I am writing a function to save images to TFRecord files in order to then read then using the Data API of TensorFlow. However, when trying to create a TFRecord to save it, I receive the following error message:

TypeError: <tf.Tensor ...> has type <class 'tensorflow.python.framework.ops.EagerTensor'>, but expected one of: numbers.Real

The function used to create the TFRecord is:

def create_tfrecord(filepath, label):
    
    image = tf.io.read_file(filepath)
    image = tf.image.decode_jpeg(image, channels=1)
    image = tf.image.convert_image_dtype(image, tf.float32)
    image = tf.image.resize(image, [299, 299])
    
    tfrecord = Example(
        features = Features(
            feature = {
                'image' : Feature(float_list=FloatList(value=[image])),
                'label' : Feature(int64_list=Int64List(value=[label]))
    })).SerializeToString()
    
    return tfrecord

If you need additional information, please let me know.

The problem is that image is a tensor but you need a list of float values.
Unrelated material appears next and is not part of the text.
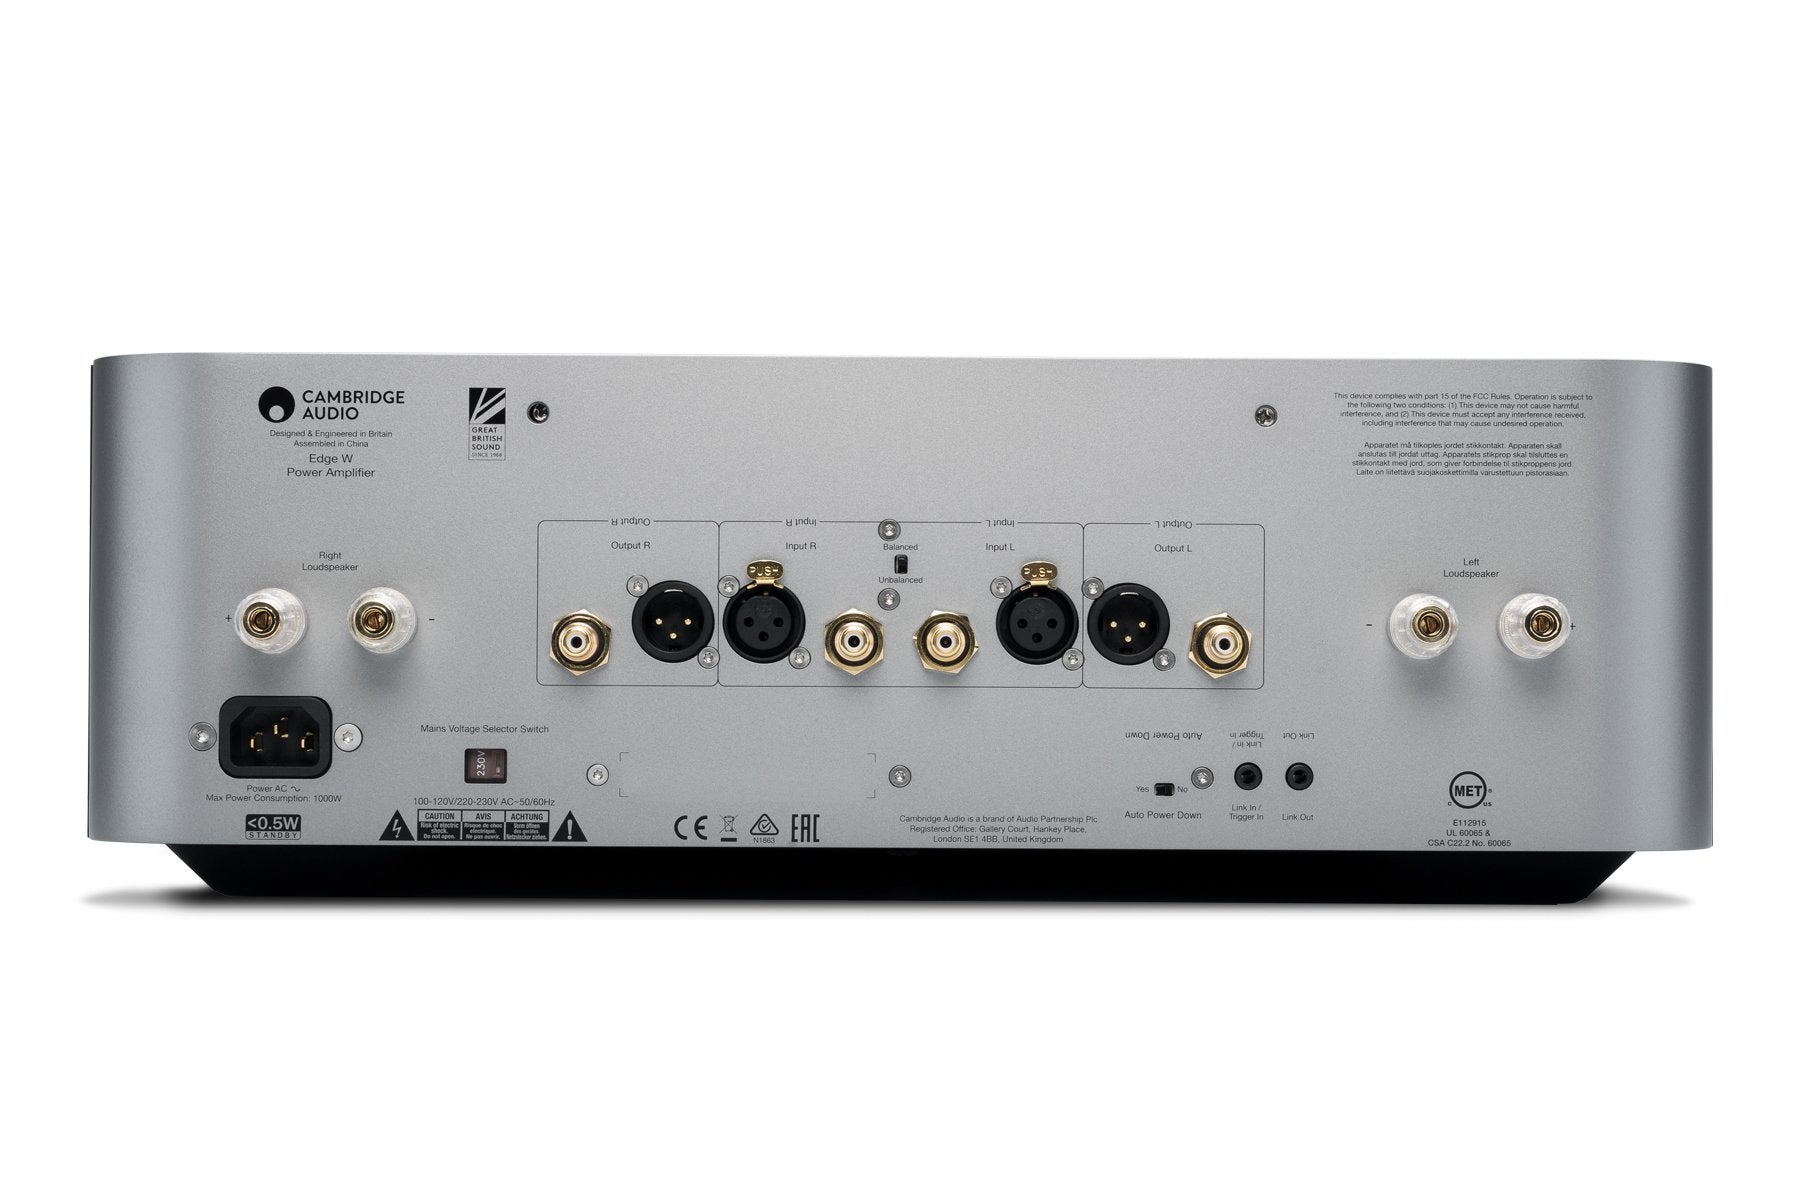 Cambridge Audio Edge W Power Amplifier

Try something like this:

import tensorflow as tf

def create_tfrecord(filepath, label):
    
    image = tf.io.read_file(filepath)
    image = tf.image.decode_jpeg(image, channels=1)
    image = tf.image.convert_image_dtype(image, tf.float32)
    image = tf.image.resize(image, [299, 299])
    
    tfrecord = tf.train.Example(
        features = tf.train.Features(
            feature = {
                'image' : tf.train.Feature(float_list=tf.train.FloatList(value=image.numpy().ravel().tolist())),
                'label' : tf.train.Feature(int64_list=tf.train.Int64List(value=[label]))
    })).SerializeToString()
    
    return tfrecord

create_tfrecord('/content/result_image.png', 1)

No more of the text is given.